> **Your objective**
Copy out exactly the lines from the one with "Seneca Foundry" through the last line of the listing below, both included, but none of the pictures.

> **Given data**
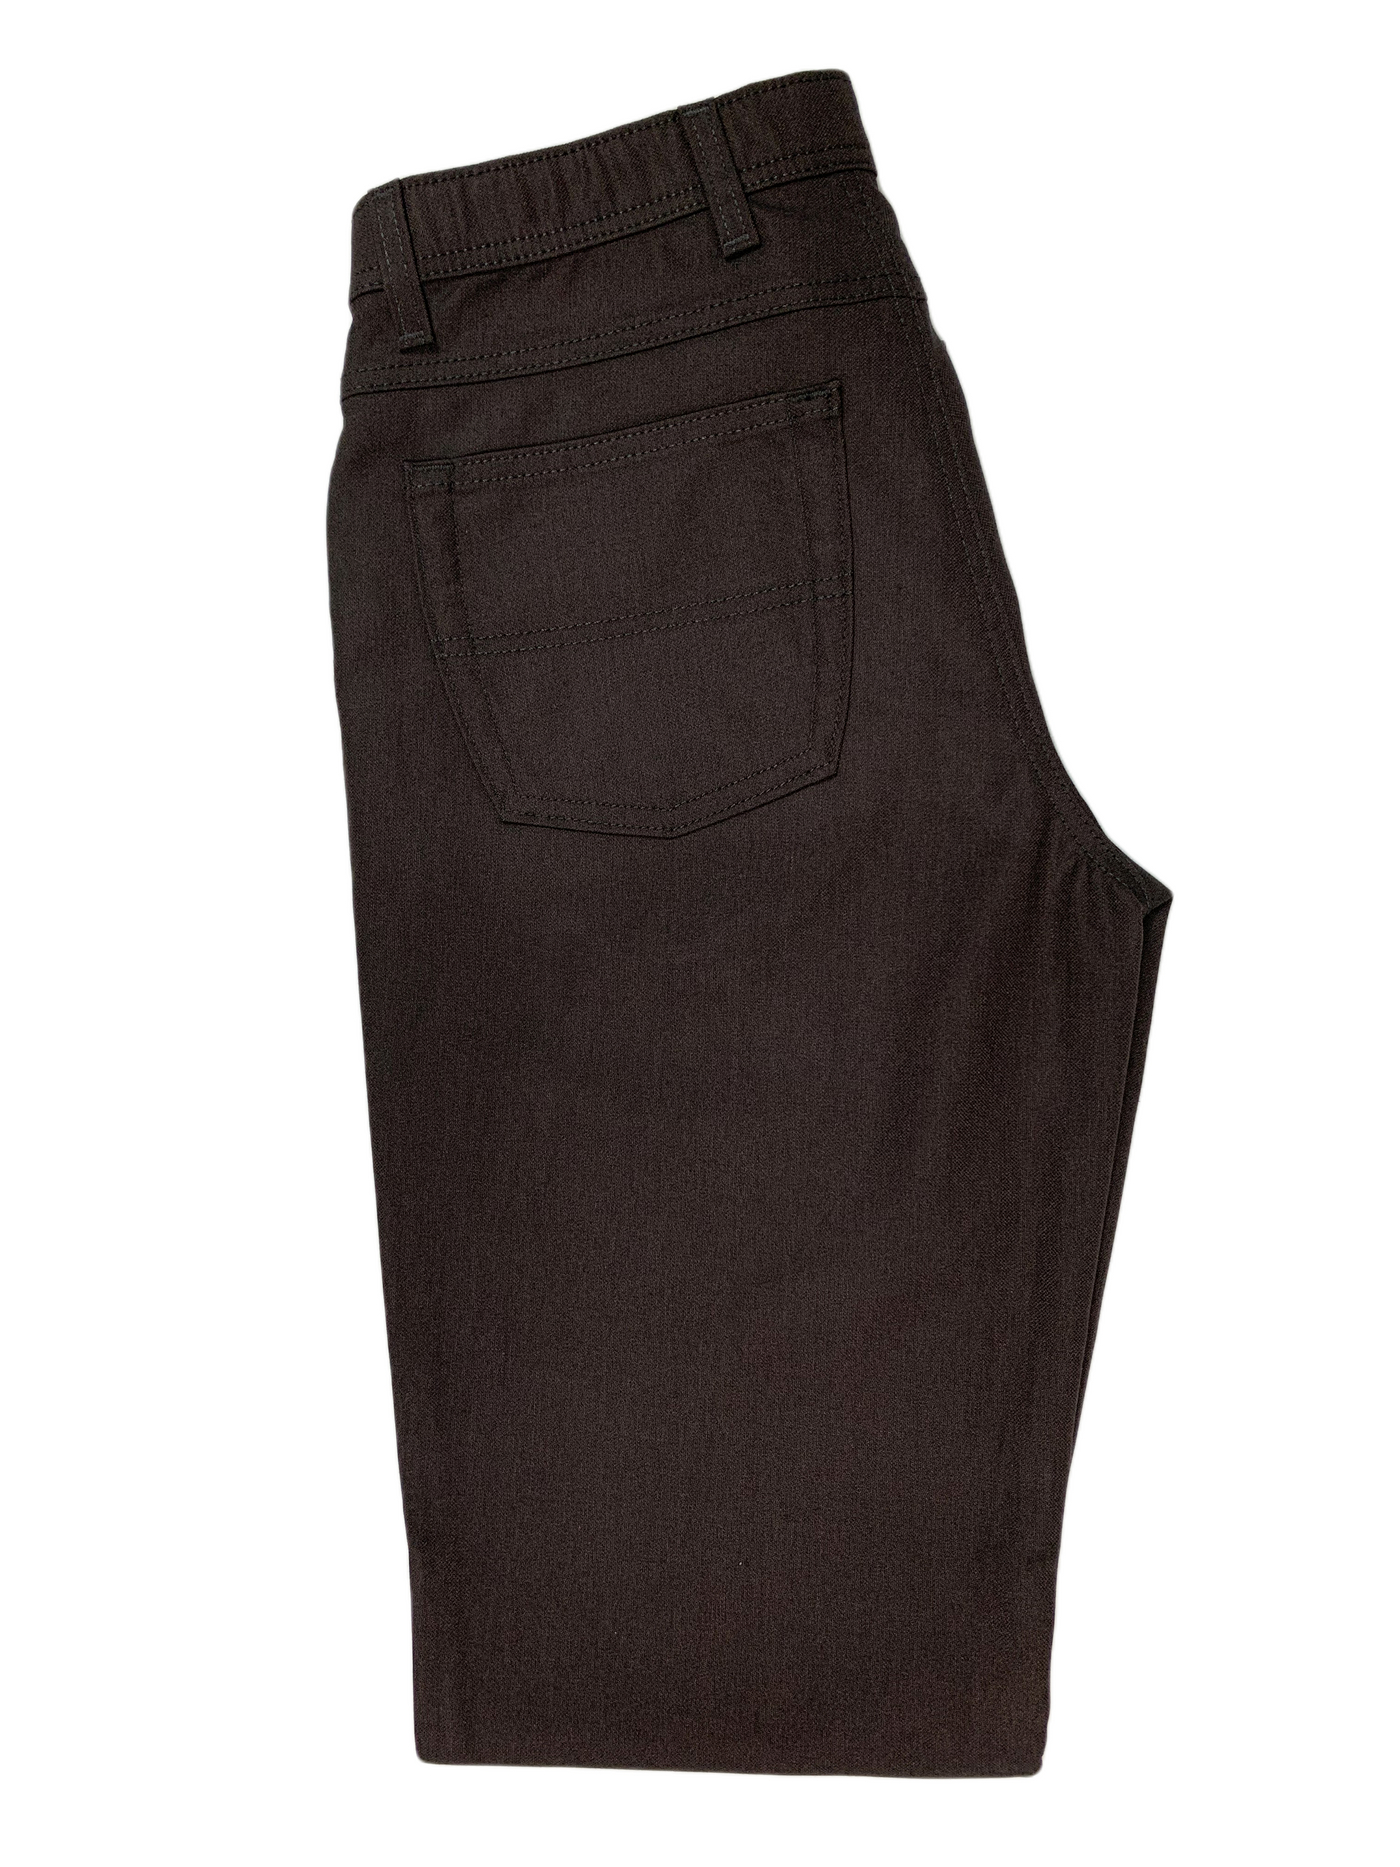 Pantalon bordeaux extensible Boréal coupe semi-ajustée
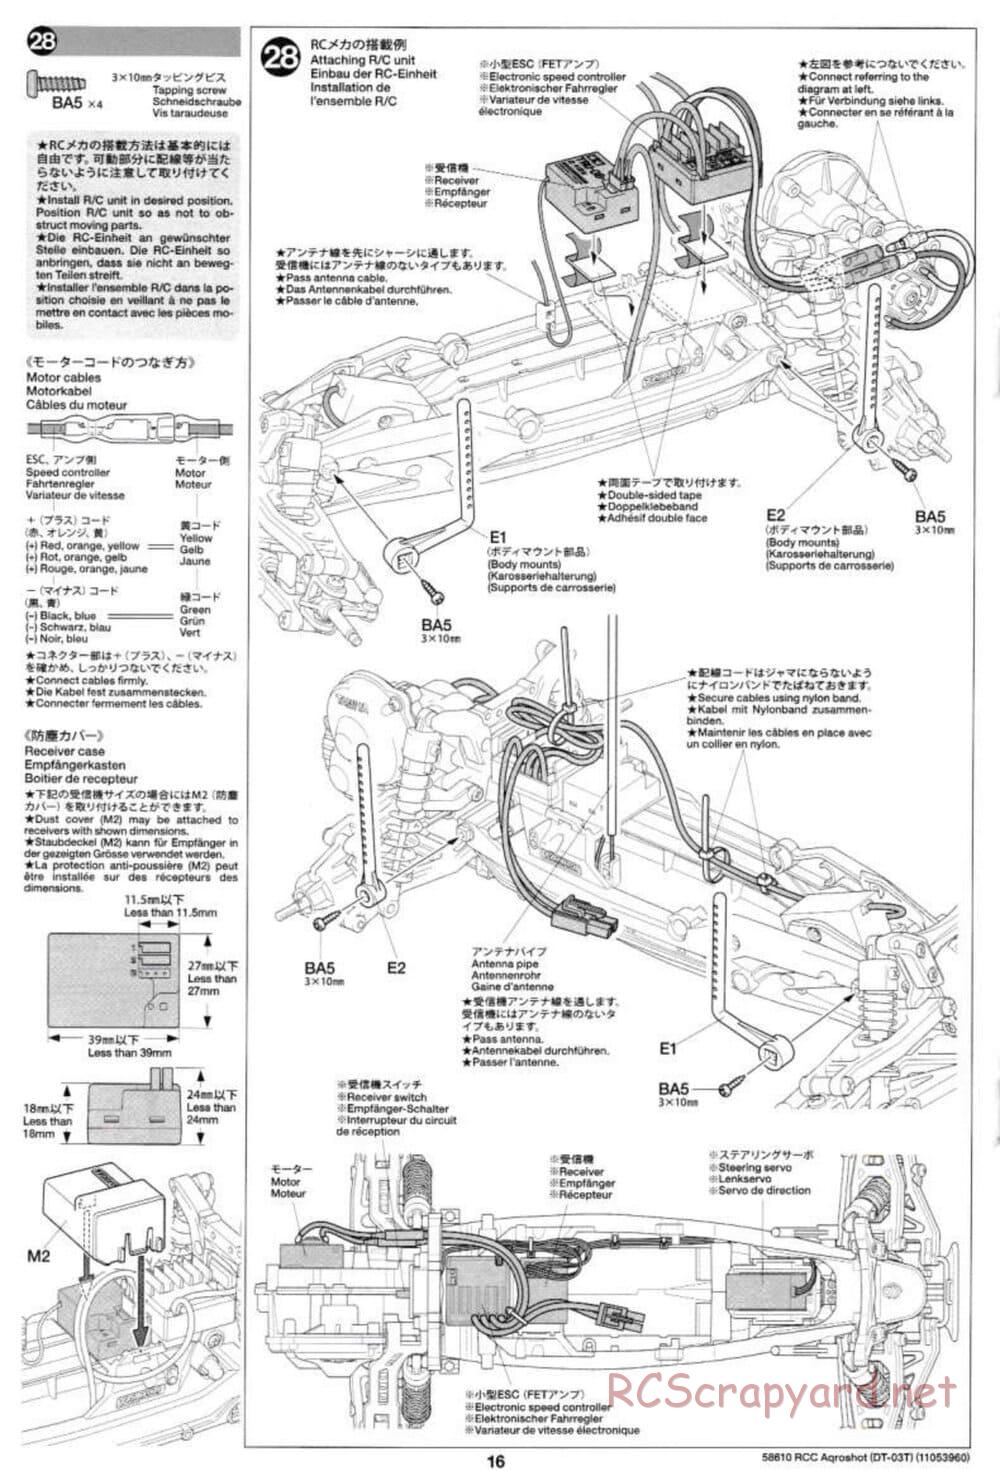 Tamiya - Aqroshot Chassis - Manual - Page 16
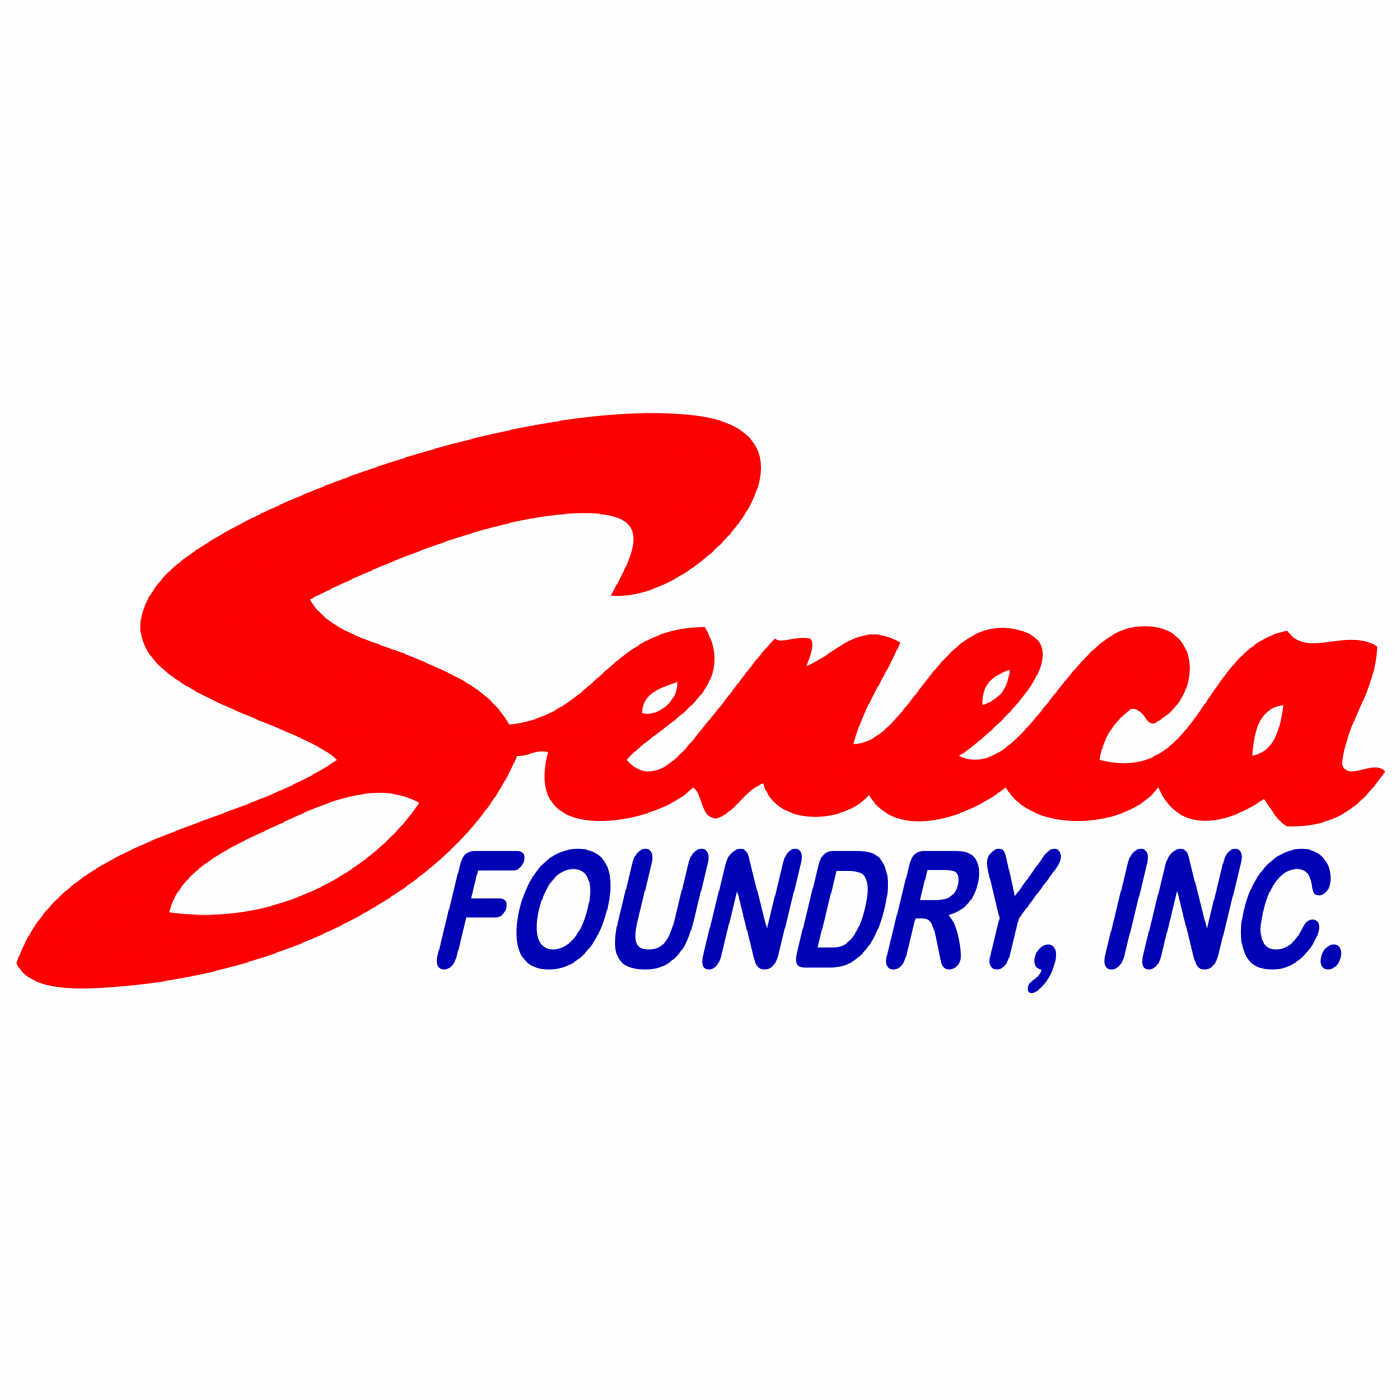 Seneca Foundry
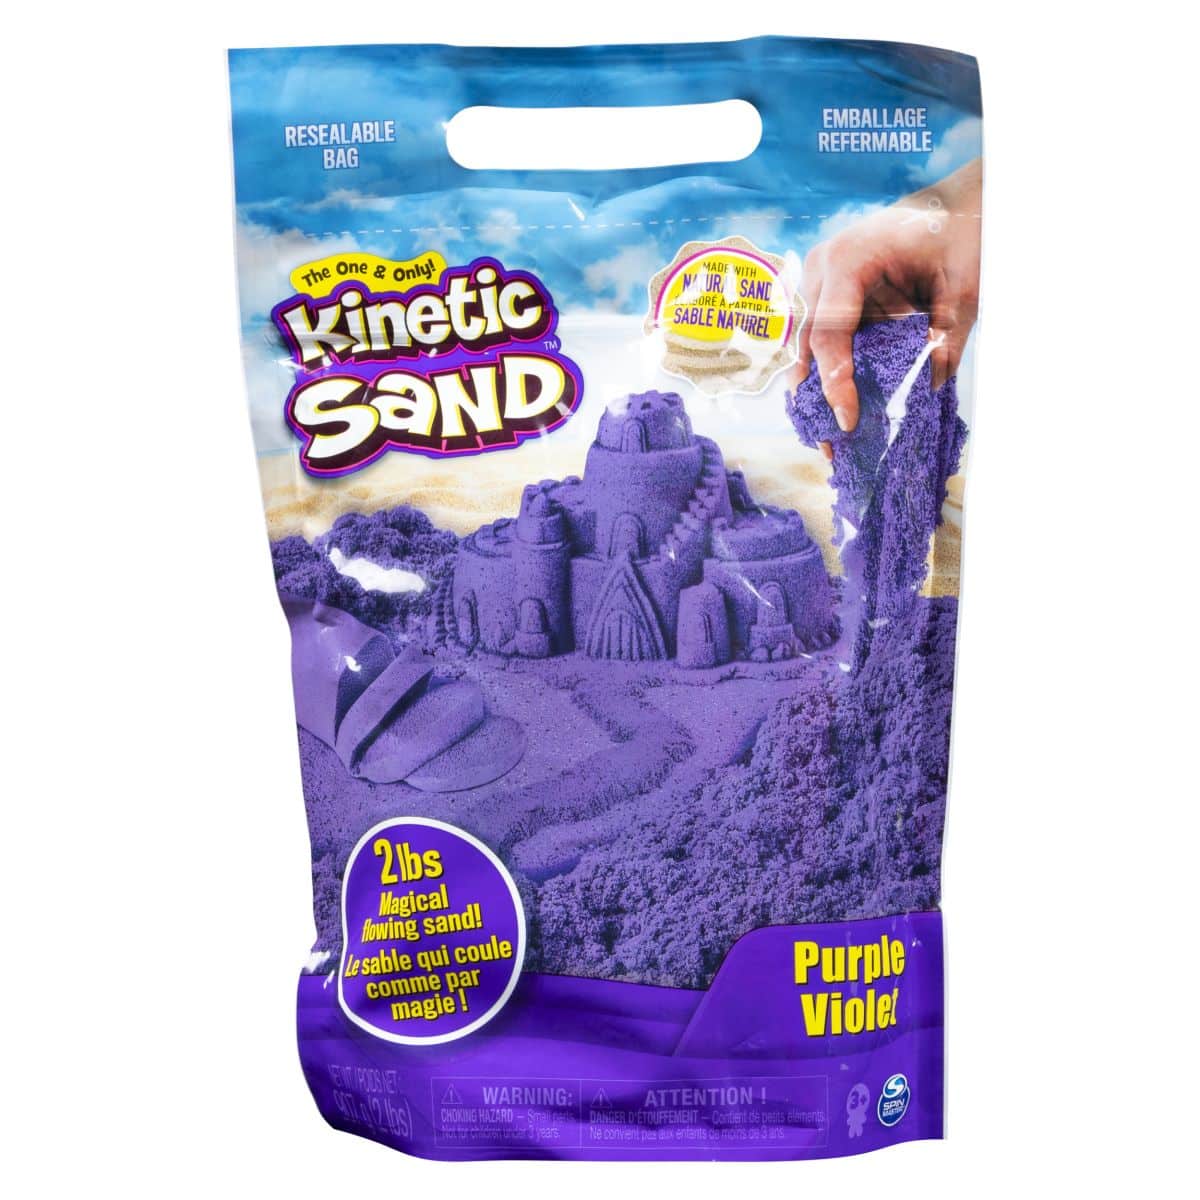 Kinetic Sand Surprise mit 113 g Kinetic Sand, Tierfigur und Zubehör

> **Result for this task**
 Seneca Foundry
 Kinetic Sand Surprise mit 113 g Kinetic Sand, Tierfigur und Zubehör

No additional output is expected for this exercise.